Narrative Therapy is a postmodern approach to therapy developed by Michael White and David Epston (Madigan, 2011; Nichols, 2010). This model of therapy can be used to give voice to the story of adolescents (Dickerson & Zimmerman, 1993). Adolescence is typically divided into three stages: early (11-13 years), middle (14-18 years) and late (19-21 years) (American Academy of Child and Adolescent Psychiatry, 2008). The stories about adolescents are often narrated by parents, and the more subjugated these stories are, the less room they leave for adolescents to develop stories for themselves. Adolescents demonstrate their rejection of the subjugated stories told about them through acting out. Through the medium of acting out, adolescents want to learn how to make their own choices and take care of their lives (Dickerson & Zimmerman, 1993) because of their increasing need for more independence and flexibility in their family.
The process of voice giving
The process of giving voice to the stories of adolescents comprises two phases: deconstruction and restorying (Dickerson & Zimmerman, 1993). Unique outcome is essential to the deconstruction process and it is the first step towards giving voice to the stories of adolescents. It identifies events, actions, thoughts, and experiences that do not fit into the problem story told by parents (Dickerson & Zimmerman, 1993). Unique outcomes generally serve as entry points to adolescents’’ alternative stories. As these conversations proceed, therapists build a scaffold around the emerging subordinate story. The unique outcomes are plotted into an alternative story line about adolescents’ lived experience. Therapists will generate questions to produce, locate, and bring to light the alternative stories (Madigan, 2011) that make more sense of adolescents’ stories of unique outcomes.
Deconstruction of problem story
Deconstruction of the problem story told by parents is the first step in the process of giving voice to the stories of adolescents (Dickerson & Zimmerman, 1993). Identifying unique outcomes play a vital role in the deconstruction of the problem stories. Deconstruction helps adolescents to unpack their stories or see them from different perspectives, so that how they have been made up become visible (Gehart & Tuttle, 2003).

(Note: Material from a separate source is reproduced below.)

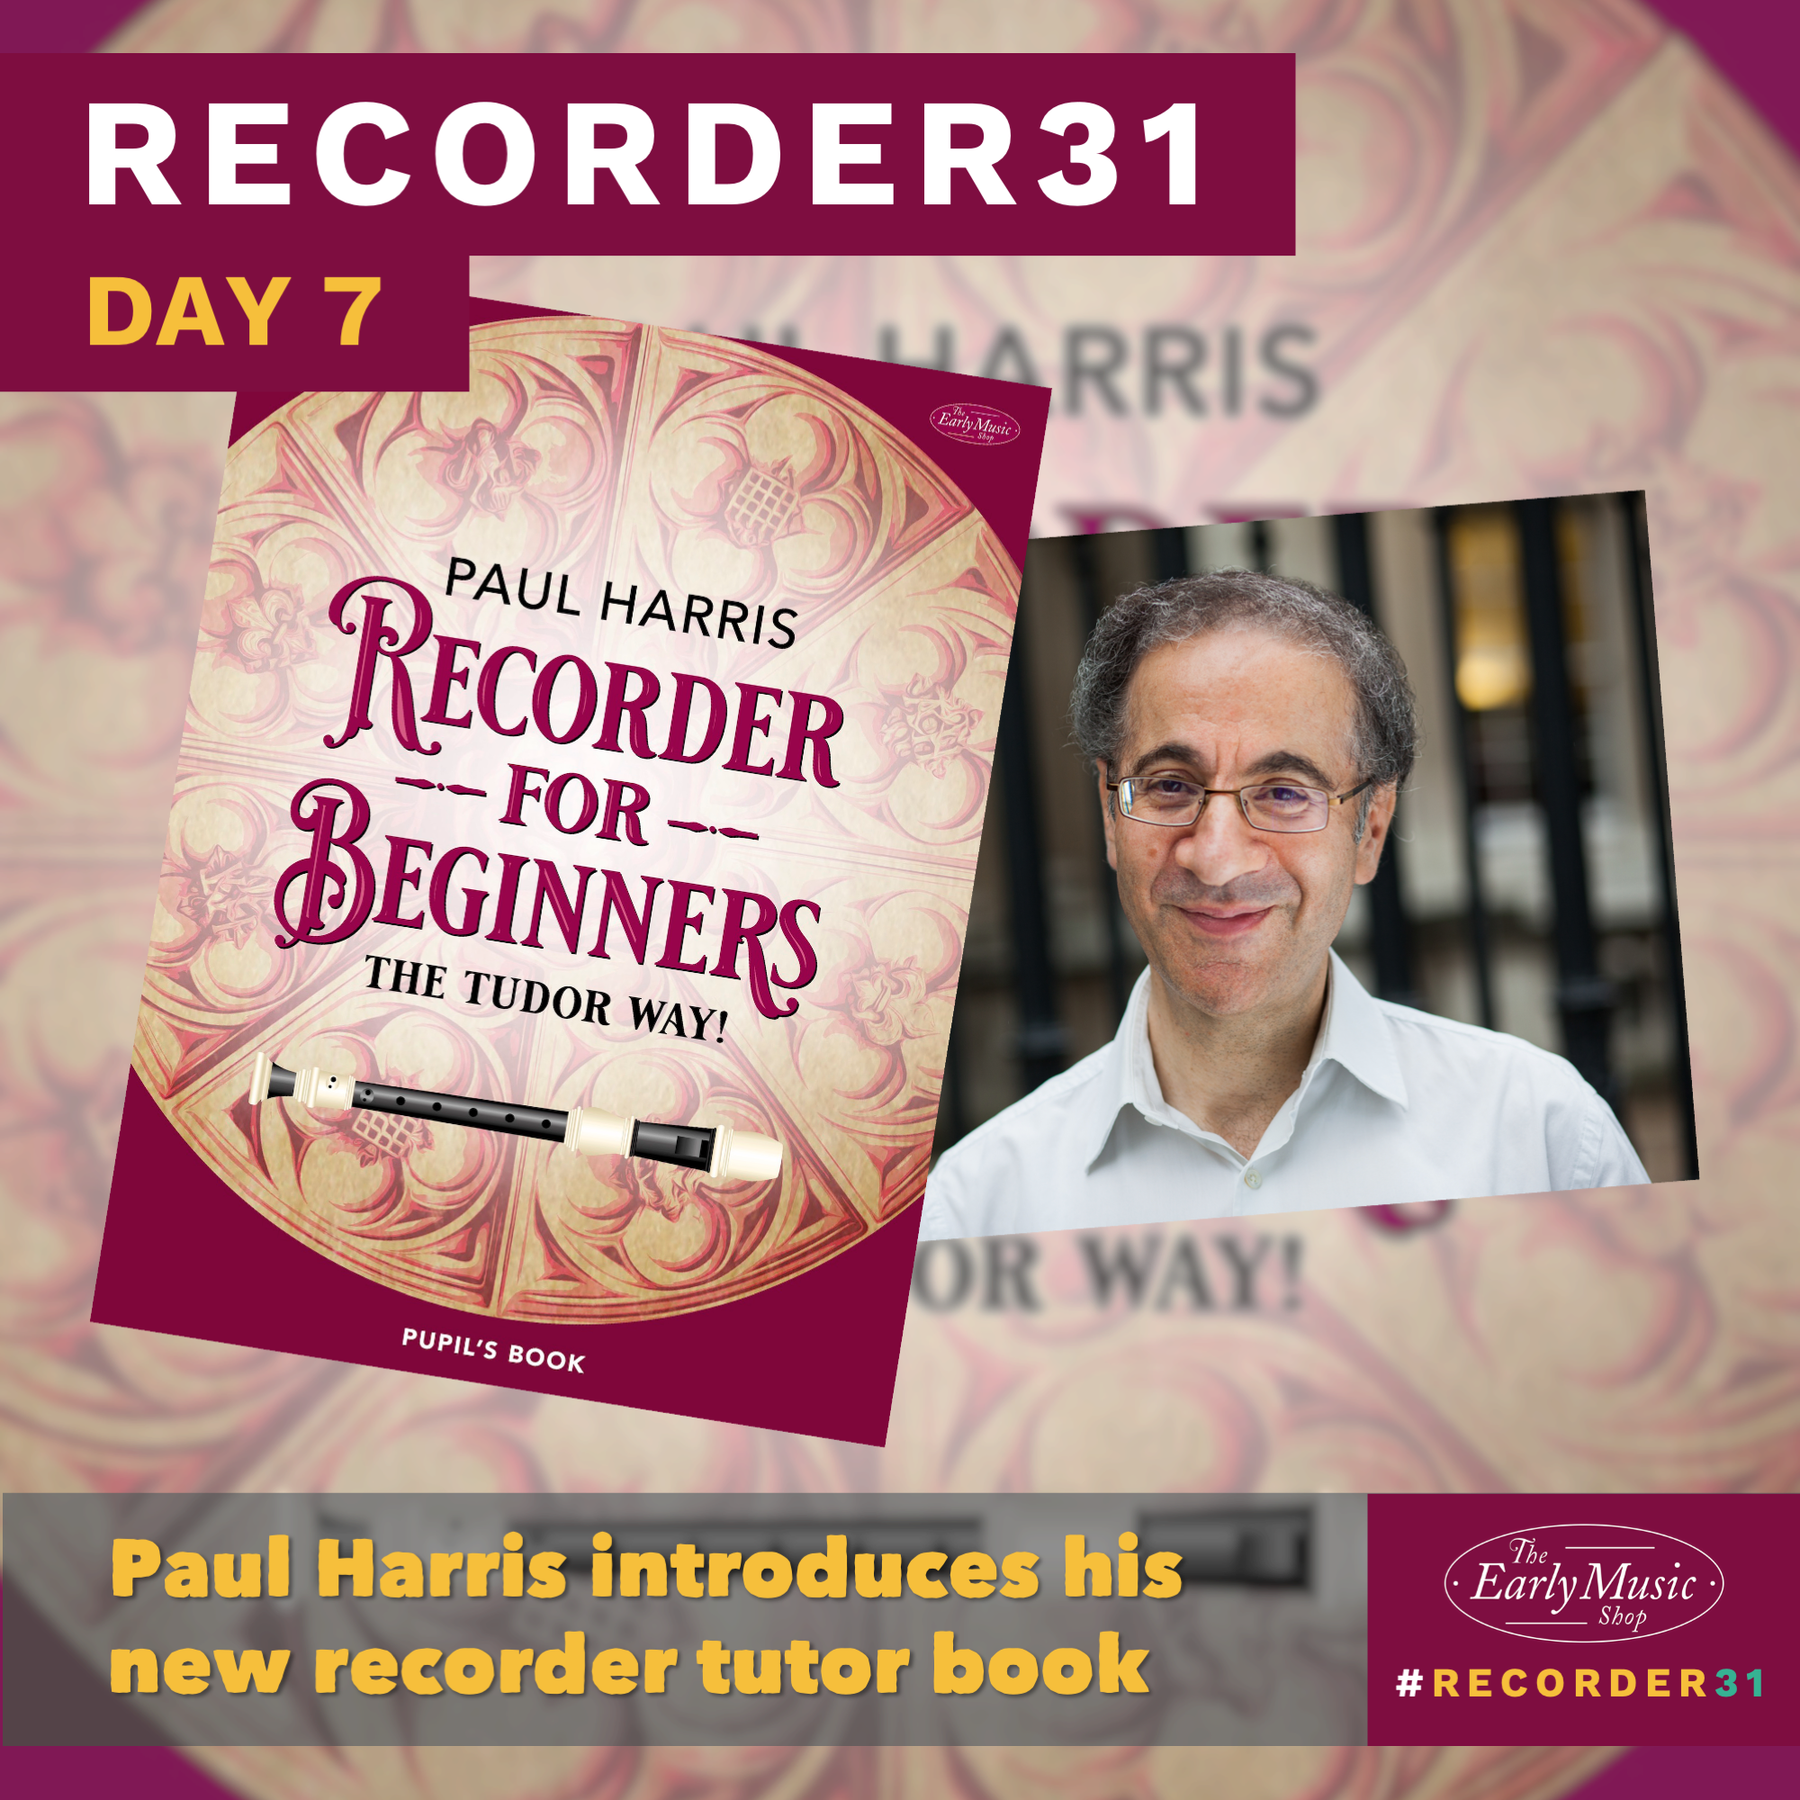 Recorder31 Day 7 | Paul Harris introduces 'Recorder for Beginners: The Tudor Way'
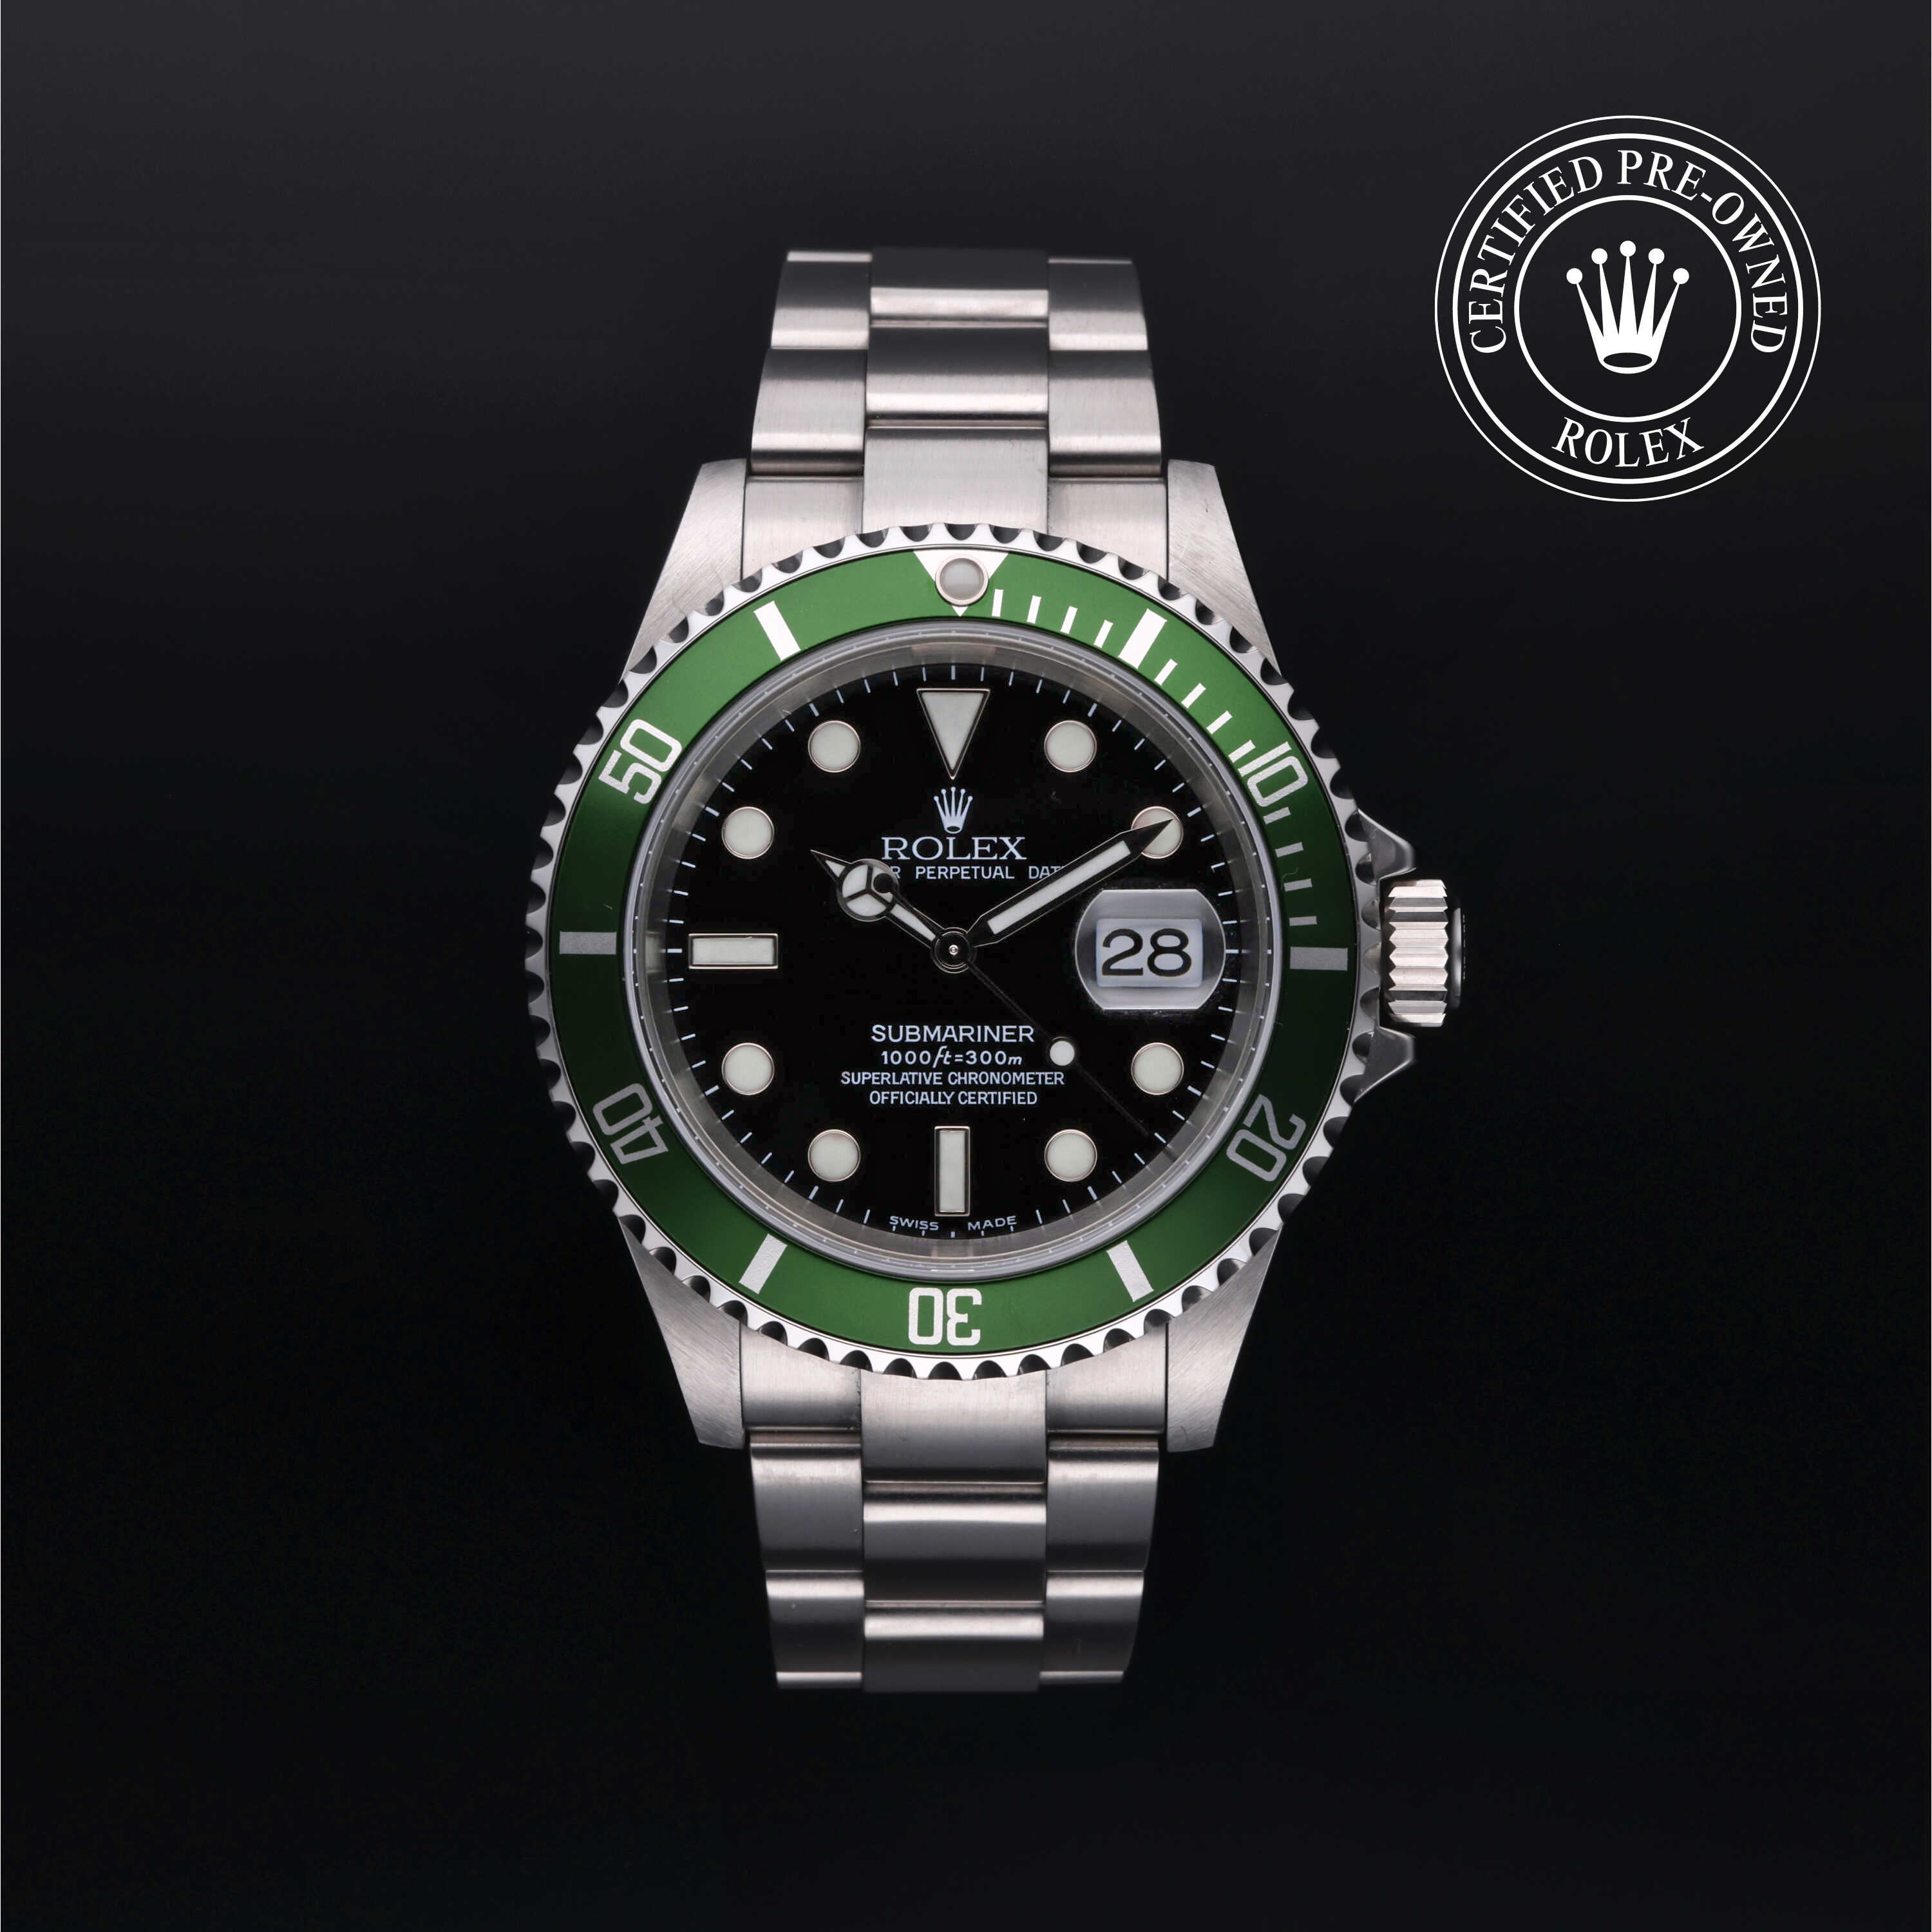 Rolex Submariner in Oystersteel M16610LV-0002 at Kirk Jewelers

Deconstruction often encourages adolescents to situate their narratives in broader contexts, such as personal background, family traditions, or social history, and then allows them to recognize the influence of these contexts on their current life story (Gehart & Tuttle, 2003). The next step in the deconstruction process is to externalize the problem or help adolescents see their problems as things that are outside of them. In other words, the problem is seeing as a personality living outside of adolescents. Externalization affords adolescents the ability to look past the restraints that made their story stagnant and help them to identify the previously neglected aspects of their lived experience and thus provide a platform for alternative stories (Madigan, 2011). The process of deconstruction creates the context by which adolescents alternative stories are highlighted.
Restorying
The second step in giving voice to the story of adolescents is restorying (Dickerson & Zimmerman, 1993). Restorying involves bringing forth and making meaning of the unique outcomes. Restorying invites adolescents to link the events of their lives in sequences through time-according to a theme or a specific plot. It is through the telling of their story that adolescents are assisted by the therapist to identify the more neglected events of their lives in narrative therapy as unique outcomes (Madigan, 2011). Adolescents are then encouraged to capture these unique outcomes into alternative story lines referred to as restorying.
We hope the process of deconstruction and restorying will help you to better able to work with adolescents and bring to light their alternative stories.